Выйдя из палаты, он столкнулся с Айгуль, она шла забрать систему у старика, но увидев Пашку замедлила шаги.
– Айгуль, можно на минуту? – попросил он девушку задержаться. Она остановилась у окна, заложив руки в карманы халата.
– Гуля, не сердись на меня, я не хотел обидеть тебя.
– Я не обиделась, Паша. Кто я для тебя, очередная баба. Сколько их у тебя было, сколько ещё будет. Ты только от меня ушёл, как тут же отправился на свиданку с другой. Это не ты меня бросил, это я тебя бросила! Пойду, мне к Самохину надо. Прощай, Охламон! Может и встретимся, раньше чем ты думаешь…
Айгуль провела рукой по небритой щеке Пашки и скрылась за дверью в палату.
Проводив взглядом девушку, Пашка пошёл на пост к Вере.
– Сам явился? Держи бумаги, спустишься в регистратуру, поставишь на больничном печати у девчонок. Ну давай прощаться, Павлушка. Ты даже не представляешь, как я тебе благодарна за всё. И твоё учение не прошло даром. Спасибо тебе, родненький! Пусть у тебя всё будет хорошо, – Вера поцеловала Пашку, – зайди к Айгульке попращаться, любит она тебя, охламона.
– С Татьяной Ивановной не простился, жаль, что вы с ней не лесбиянки, поцеловала бы её от меня.
– Переживёт как-нибудь такое несчастье, балабол!

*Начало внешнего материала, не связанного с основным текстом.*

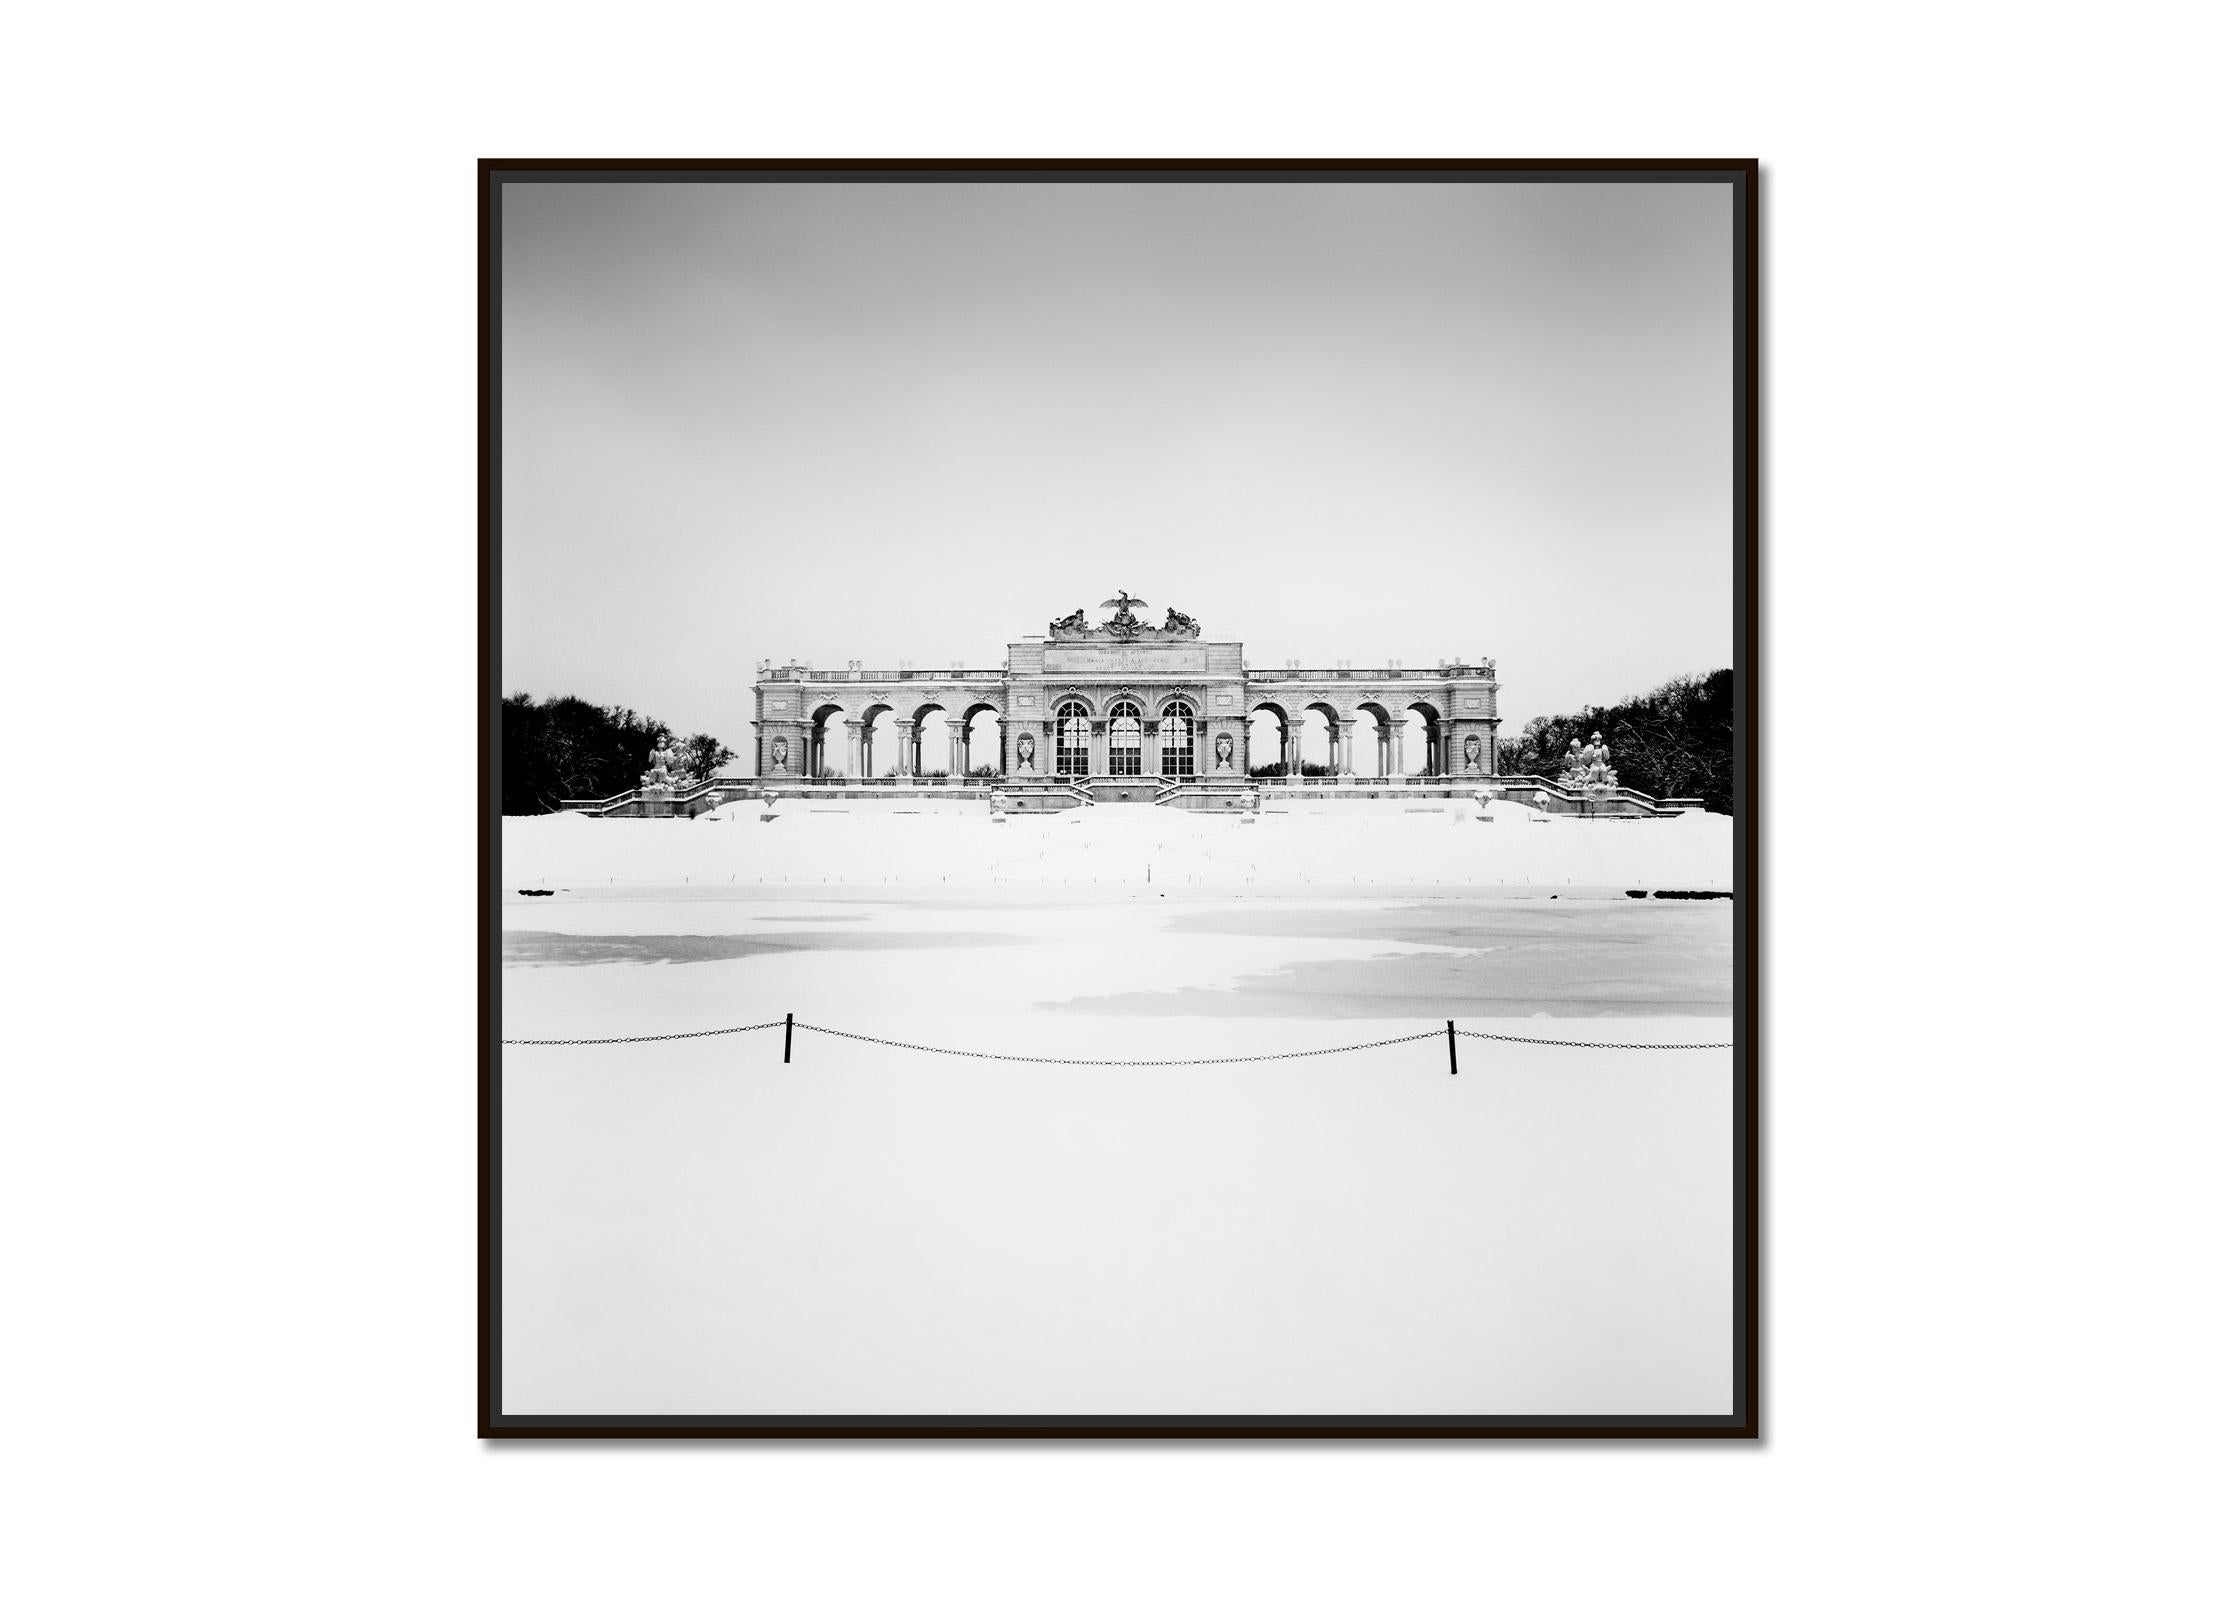 Gloriette Winter, Schloss Schoenbrunn, Vienna, B&W cityscape photography print - Photograph by Gerald Berghammer

Спустившись вниз, Пашка подошёл к стойке регистратуры и положил перед собой на столешницу документы на выписку.
– Девушка, можно поставить печать, – окликнул он сидящую перед собой медичку, склонившуюся над журналами.
– Привет, Подколёсин! Только что о тебе думала. Тебя выписали?
– Да вот выперли за плохое поведение на перевоспитание. Печать тисни на больничном.
Лена поставила печать и спросила Пашку:
– А меня ты не собираешься сегодня тиснуть, Павлушенька? У меня тётка улетает на курорт. Мы могли бы продолжить наше общение. Если, конечно, ты не потерял ко мне интерес.